Nominal Defendant v Gardikiotis (1996) 136 ALR 1
HEARING
CANBERRA, 20-21 November 1996 21:2:1997
Counsel for the Plaintiff: Mr G Lunney Instructing Solicitors: Higgins Solicitors
Counsel for the Defendant: Mr G Stretton Instructing Solicitors: Phillips Fox
ORDER
THE COURT ORDERS THAT:DECISION
MASTER T CONNOLLY
2. The claim is further complicated by the plaintiff's unfortunate history of other incidents, both before and after the motor vehicle accident the subject of these proceedings. The plaintiff was the victim of two motor vehicle accidents in 1983 which caused whiplash type injuries to the neck and shoulder. A cervical fusion procedure was performed in 1987 to attempt to resolve these problems. These accidents were the subject of separate litigation, which resulted, I was told, in a settlement in favour of the plaintiff. There was also evidence of a work fall in 1990 and a further minor motor vehicle accident in 1990 aggravating cervical pain. Since the motor vehicle accident the plaintiff has suffered a quite serious assault at work. Expert medical witnesses called by both plaintiff and defendant agree that, at present, she is quite incapacitated for work. In these proceedings it will be necessary to isolate the extent to which the 1991 motor vehicle accident has contributed to this incapacity.

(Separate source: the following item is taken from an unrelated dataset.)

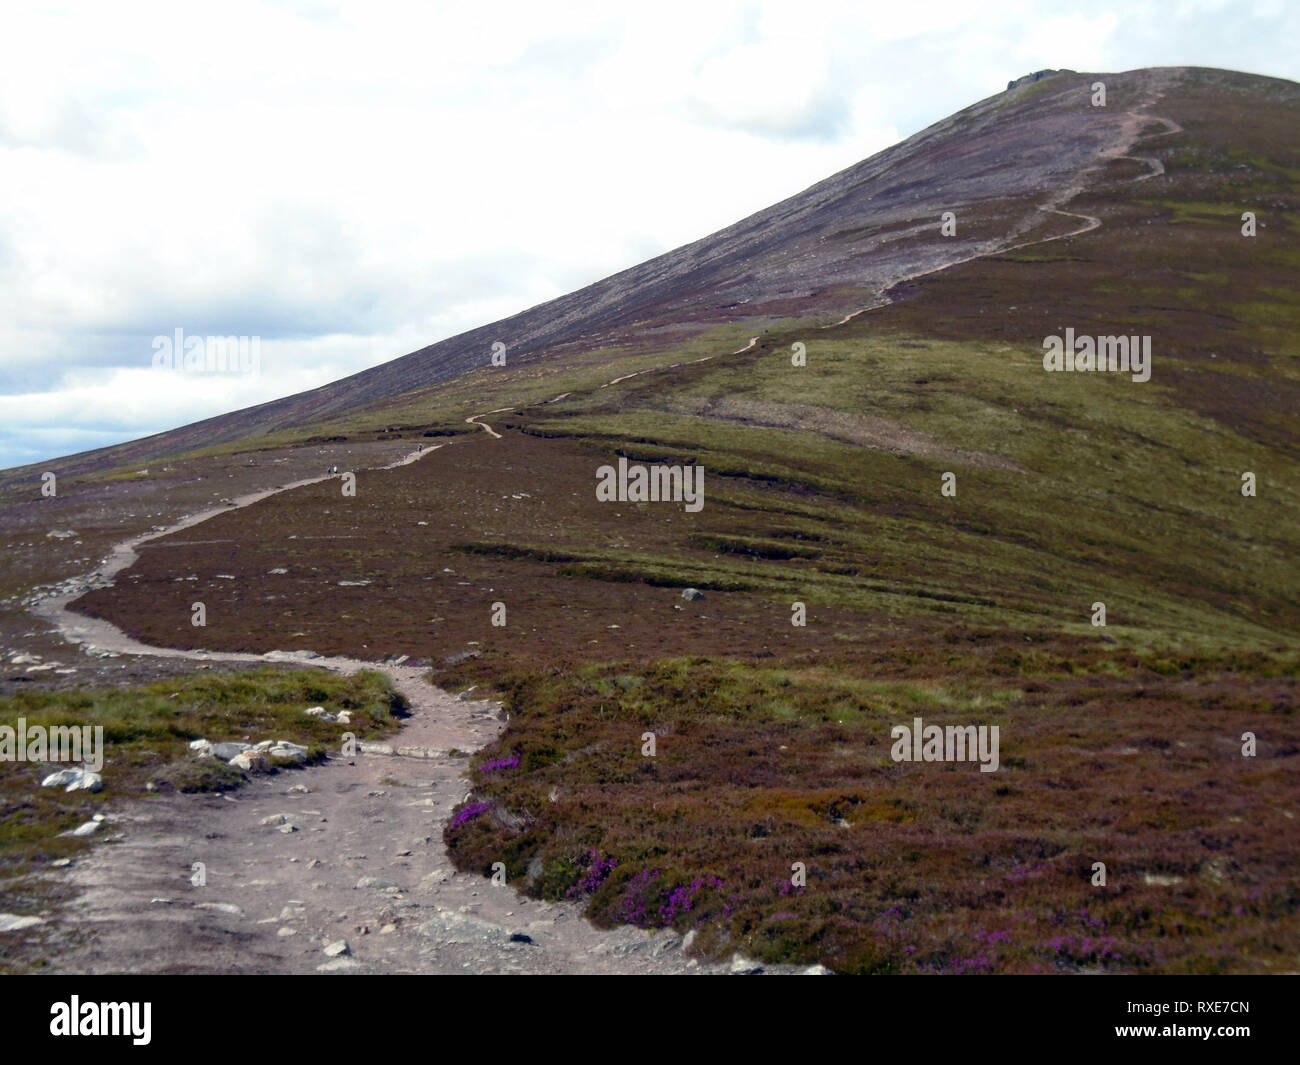 The Path Leading to the Summit of the Scottish Mountain Corbett Ben Rinnes form Roy's Hill in the Cairngorm National Park, Scotland, UK. Stock Photo
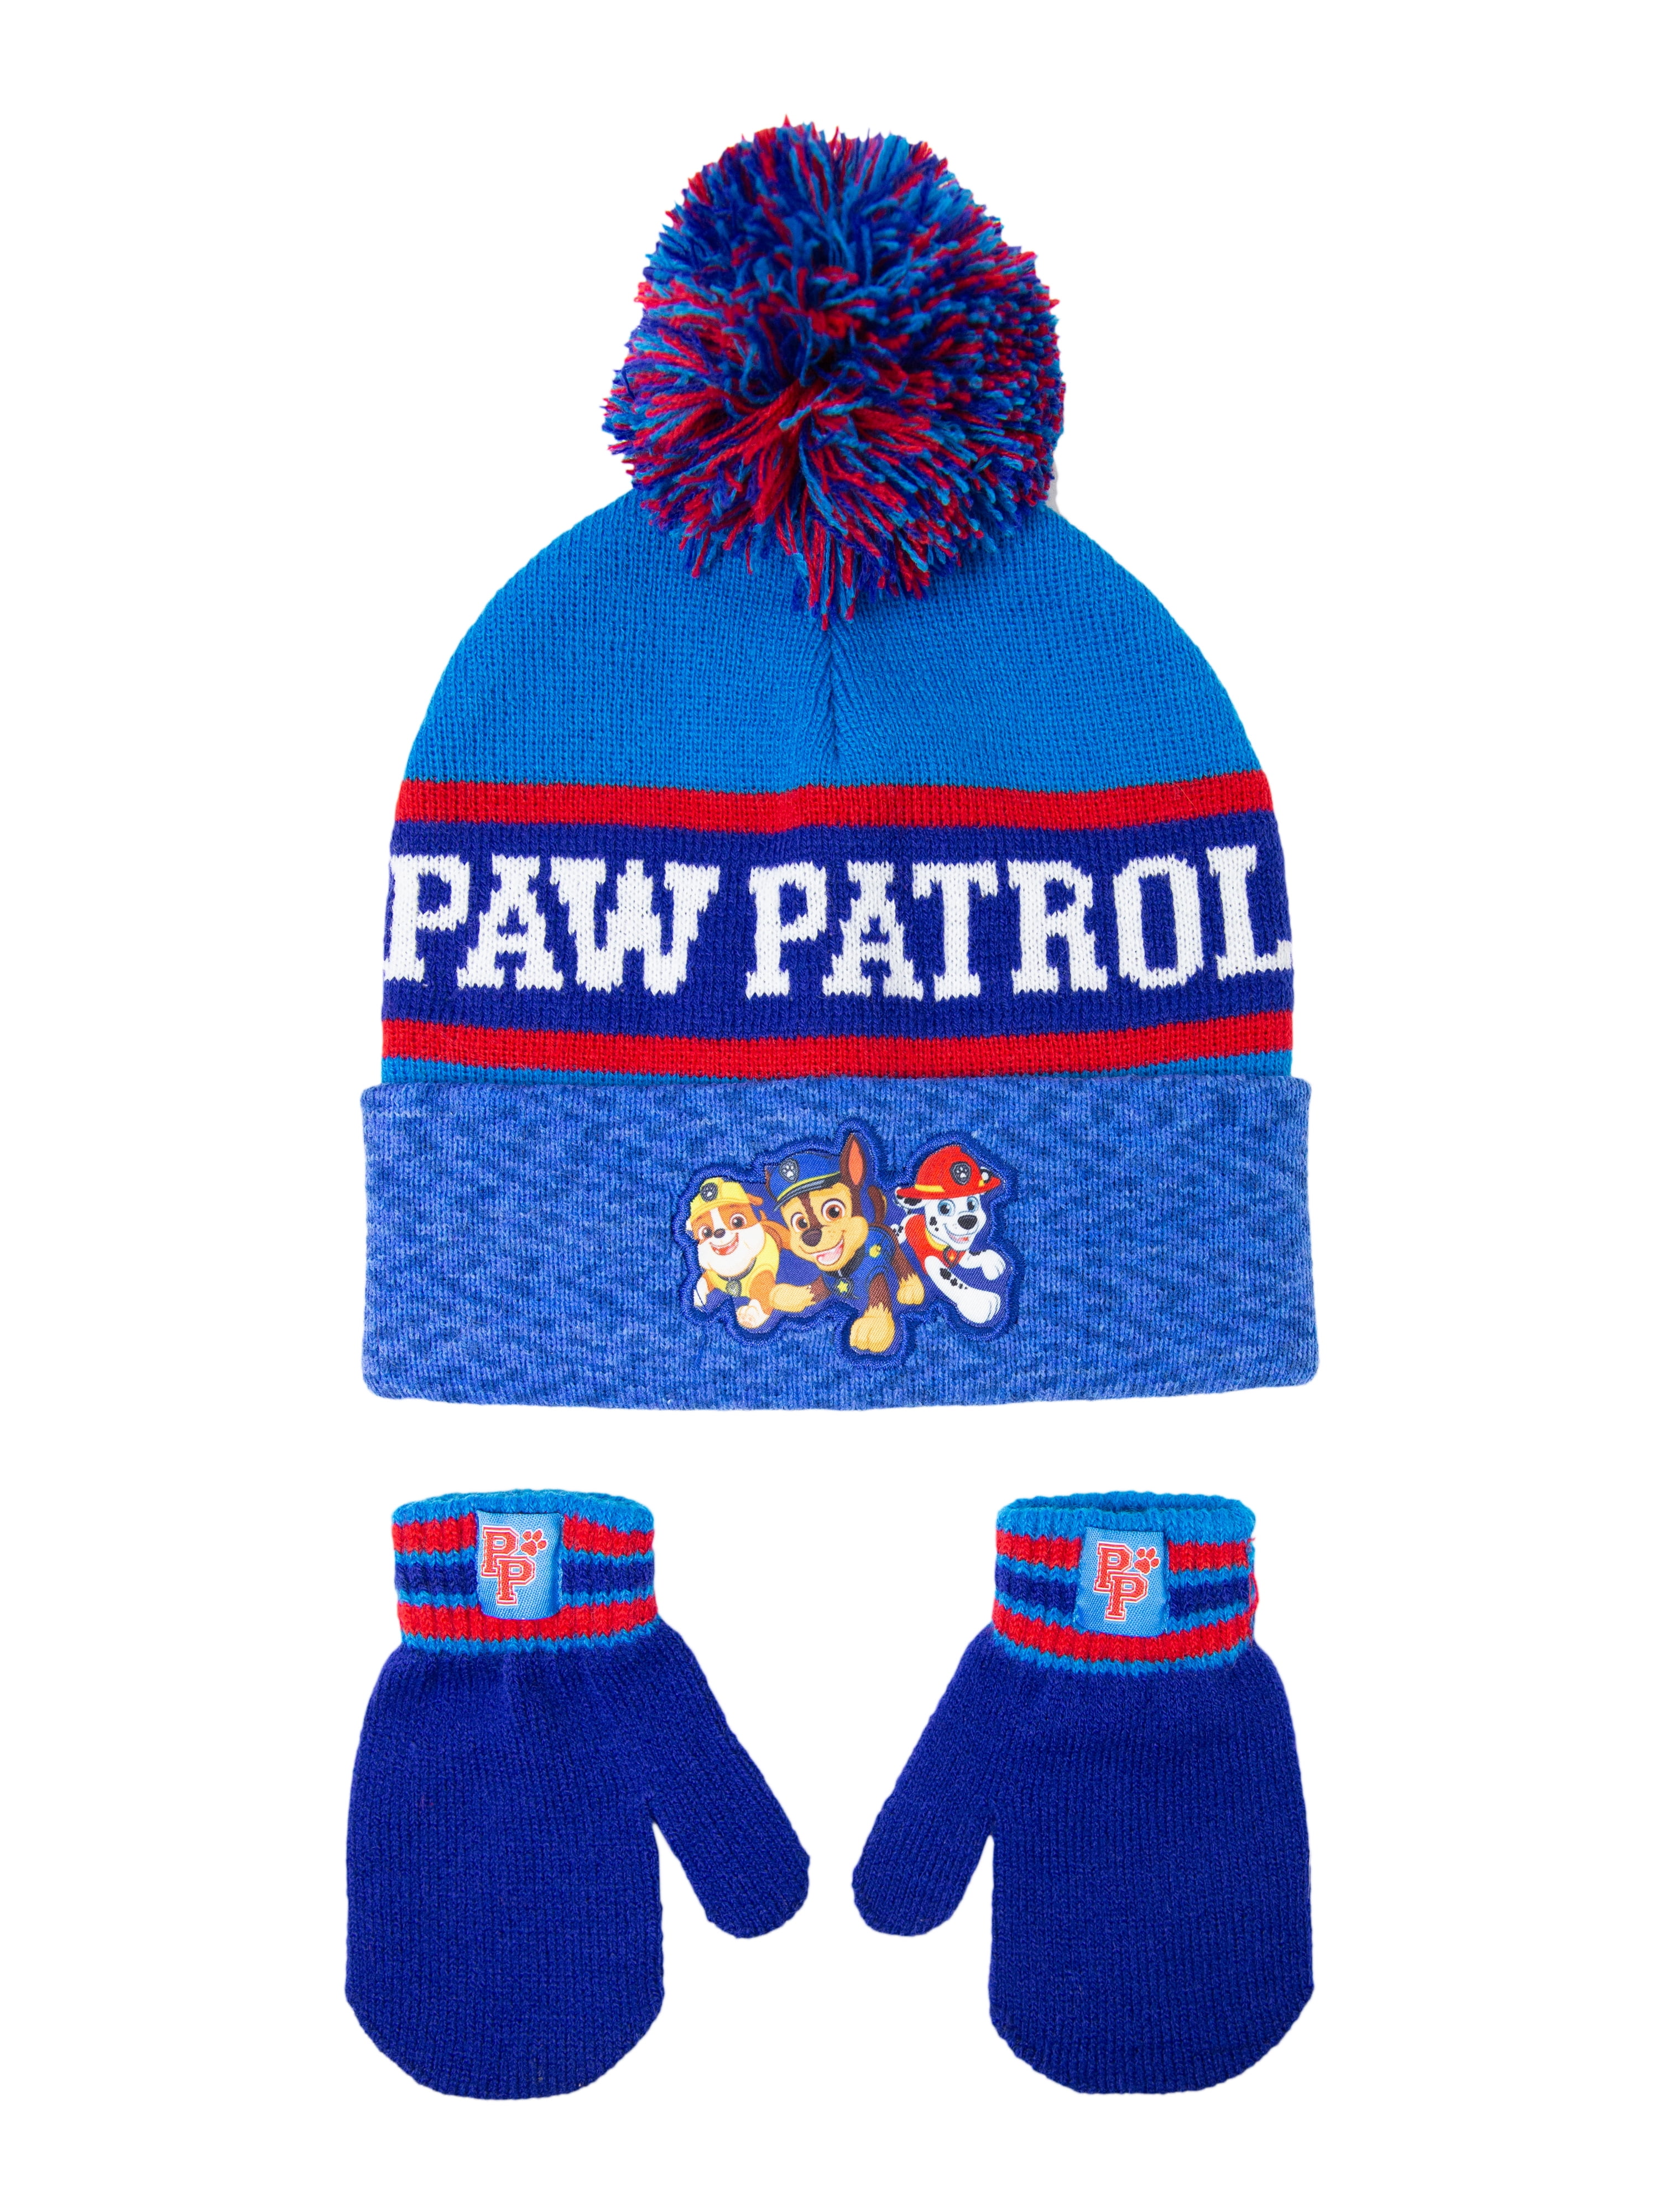 NEW Boys Paw Patrol Ready For Action Winter Hat Bobble Hat 3 to 8 years Gift

3. The plaintiff was born in June 1942 and educated in Canberra. After leaving school she worked as a nurse at Kenmore. She married some 40 years ago, and she and her husband have four adult children. For some 25 years the plaintiff has worked in the hospitality industry, starting as an assistant in the kitchens and working her way up, without holding any formal qualifications. She has worked in and managed the kitchens in a number of well known Canberra clubs over the years. At the time of the 1991 motor vehicle accident she was working at the Zambian High Commission, cooking and looking after catering and hospitality for diplomatic functions and the like. At the time of the accident she was working for 8 hours a day 5 days a week, but in split shifts. The plaintiff returned to her duties after about 5 weeks, but she gave evidence that at this point she was only doing very light duties because the High Commission was due to close down, and at this point the High Commissioner's family had returned home. She continued in this light work until the end of September 1991, when the High Commission closed.
4. The plaintiff did not work again until March 1992 when she commenced duties as a cook and house mother at a woman's refuge run by the Society of St Vincent De Paul. This was originally on the basis of 20 hours a week, but she later took up some weekend overtime duties. It is the plaintiff's case that the motor vehicle accident the subject of this claim has reduced the plaintiff from a full capacity to work, evidenced by her full time employment at the High Commission, to the part time duties she was undertaking at the refuge. It is common ground that the assault at the refuge in August 1993 was responsible for reducing whatever her residual earning capacity was to zero.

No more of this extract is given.